In this study, we identified that miR-125b-5p is strongly associated with IVDD and is a crucial molecule for the therapeutic effect of MSC-exosomes. We believe that our findings provide a novel perspective on MSC-exosomes for the treatment of IVDD and are potentially valuable for the development of novel treatment strategies for IVDD.
Materials and Methods
Cell culture
Human NPCs were purchased from ScienCell (San Diego, USA) and were cultured in Dulbecco’s modified Eagle’s medium (DMEM; Gibco, New York, USA) containing 10% fetal bovine serum (FBS; Invitrogen, Carlsbad, USA) and 1% penicillin-streptomycin in T25 flasks at 37°C and 5% CO 2. When the NPCs grew to 90% confluence, they were digested with 0.25% trypsin/1 mM EDTA and then transferred to larger flasks for expansion. The third- and fourth-generation NPCs were used for subsequent experiments.
Bone marrow mesenchymal stem cells (BMSCs) were purchased from Procell (Wuhan, China). BMSCs were cultured in low-sugar medium (α-MEM; Gibco) containing 10% FBS and 1% penicillin-streptomycin. MSCs from the third and fourth generations were used for subsequent experiments.
Exosome isolation
MSC-exosomes were extracted using Exosome Concentration Solution (ECS; Umibio, Shanghai, China) according to the manufacturer’s instructions. Briefly, when the MSCs grew to a density of 50%–60%, the medium was changed to a medium containing 10% FBS without exosomes, and after 48 h of culture, the supernatant was collected and stored at ‒80°C. When a sufficient amount of supernatant was collected, it was thawed at 4°C, transferred to a centrifuge tube at 4°C and centrifuged at 3000 g for 10 min to remove the cell debris. The supernatant was transferred to a new centrifuge tube, and ECS was added at a ratio of 5:1. After addition of the ECS reagent, the supernatant mixture was mixed with a vortex shaker for 1 min and then kept for 2 h at 2–8°C. Subsequently, the mixture was centrifuged at 10,000 g at 4°C for 60 min, and the supernatant was discarded. The remaining pellet was rich in exosomal particles. Next, the exosomes were resuspended in 100 μL of PBS, transferred to another 1.5 mL centrifuge tube and stored at ‒80°C for subsequent experiments.
Exosome characterization
Exosome particle size and concentration were measured by nanoparticle tracking analysis (NTA) at Viva Cell Bioscience (Shanghai, China) with Zeta View PMX 110 (Particle Metrix, Meerbusch, Germany) and the corresponding software Zeta View 8.04.02. Isolated exosome samples were appropriately diluted with PBS to measure the particle size and concentration. NTA measurements were recorded and analyzed at 11 positions. The Zeta View system was calibrated using 110 nm polystyrene particles.

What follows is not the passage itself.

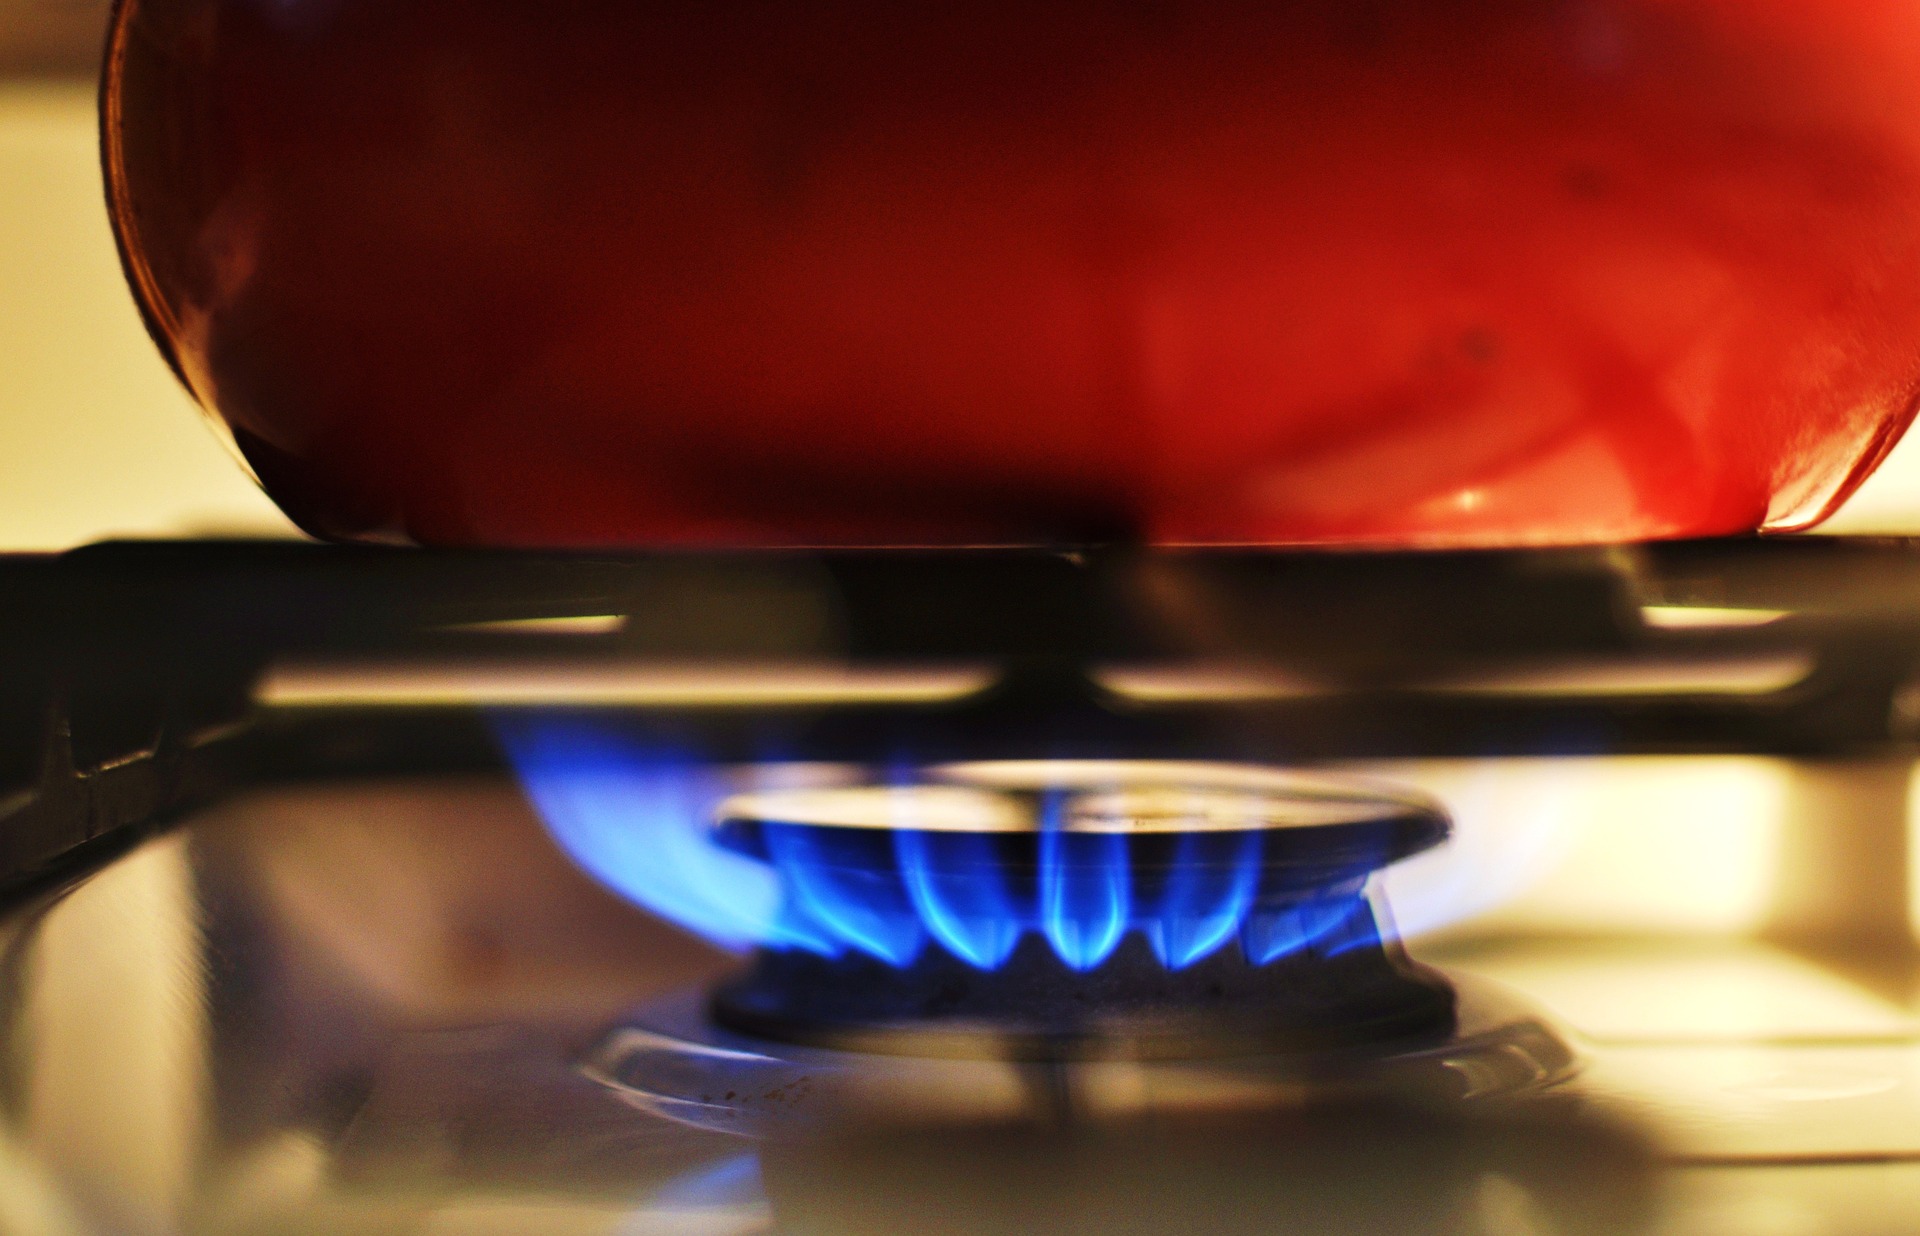 A red kettle sits on a burner with flames.

The brief procedure of the transmission electron microscopy (TEM) assay was as follows. The exosomes were resuspended in 100 μL of 2% PFA, and 5 μL of exosome suspension was added to the Formvar-carbon-loaded copper mesh; the mesh (Formvar side down) was placed on a PBS droplet and washed, the Formvar side was kept moist, and the other side was kept dry during all steps. The copper mesh was placed on a 50 μL 1% glutaraldehyde drop for 5 min; the mesh was placed on 100 μL ddH 2O for 2 min (repeated eight times); the mesh was placed on a 50-μL UO2 oxalate drop for 75 min and a 50-μL methylcellulose drop for 10 min; excess liquid was blotted off on a filter paper; the mesh was air dried for 10 min; and electron micrographs were taken at 80 kV with a transmission electron microscope (JEOL, Tokyo, Japan).

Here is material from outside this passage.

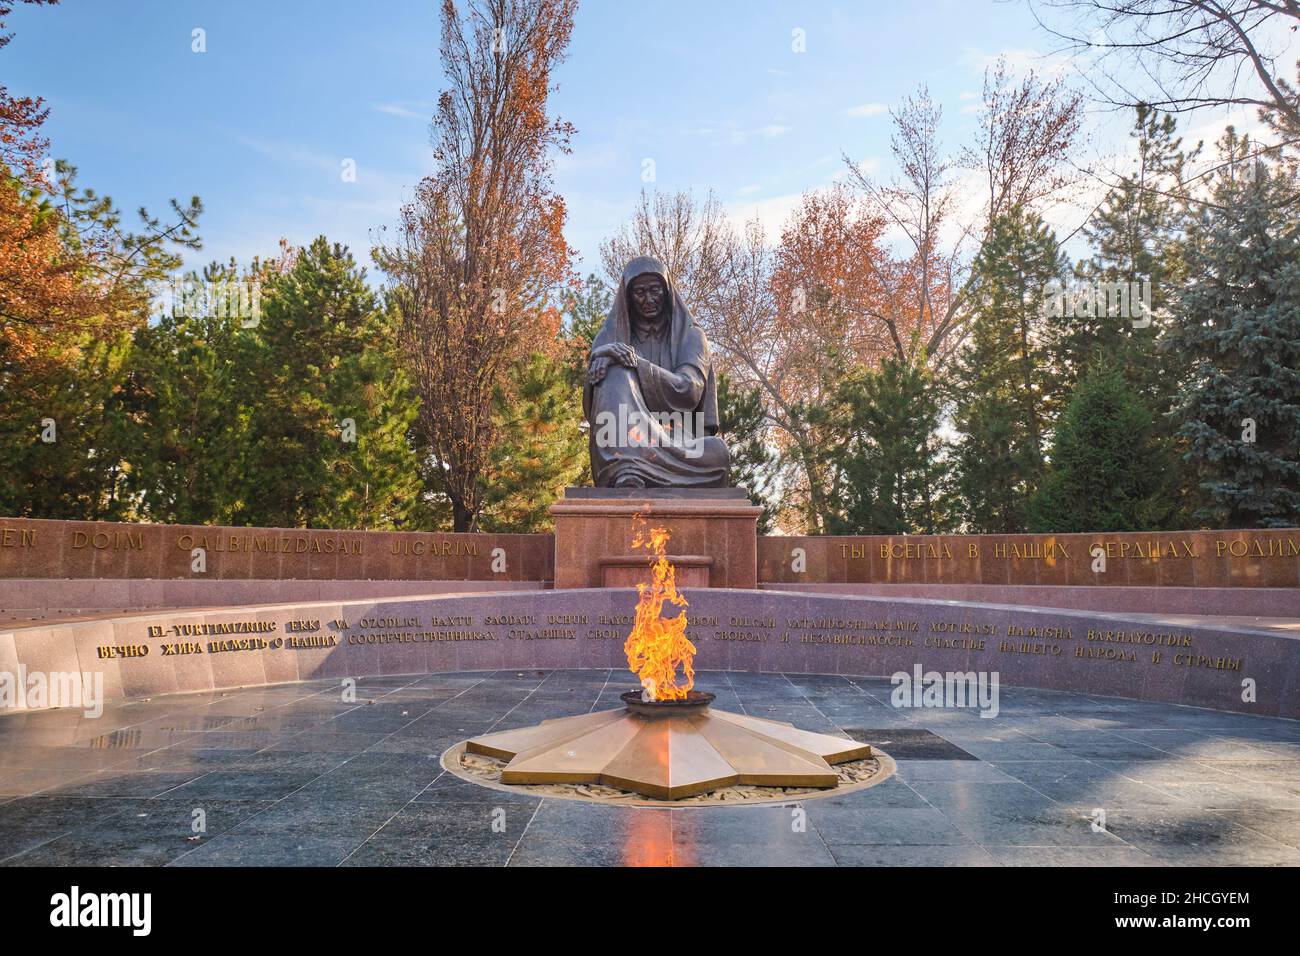 The eternal fire flam and wailing mother statue. At Memorial Square in Tashkent, Uzbekistan. Stock Photo

The expressions of exosome marker proteins (CD63, CD81, TSG101 and calnexin) were detected by western blot analysis.
Exosome sequencing and bioinformatics analysis
RNA from the MSC-exosomes was extracted using the TRIzol kit (TaKaRa, Otsu, Japan) according to the manufacturer’s protocol, and the concentration and purity of RNA were assayed using a NanoDrop 2000 spectrophotometer (Thermo Fisher Scientific, Waltham, USA). Each purified RNA sample was used for reverse transcription, PCR amplification, and miRNA library construction. Sequencing was performed in SE75 mode using the NextSeq CN500 sequencing platform (Illumina, San Diego, USA). The raw sequencing data were also evaluated by FAST-QC, including the quality distribution of nucleotides, position-specific sequencing quality, GC content, proportion of PCR duplication, and kmer frequency. The mapping of small RNA was performed using an internationally recognized BWA algorithm [25]. The clean reads were compared with the miRNA database of the corresponding species to obtain miRNA expression.
According to the GEO dataset GSE116726 (including three nucleus pulposus samples from traumatic lumbar fracture patients and three nucleus pulposus samples from intervertebral disc degeneration patients) expression matrix data, the data were analyzed using the limma function in R language to screen differentially downregulated miRNAs in the analysis results of differential expression. Based on the exosome sequencing data, we screened the exosome sequencing data for miRNAs with high expression in the MSC-exosome group and low expression in the IVDD group.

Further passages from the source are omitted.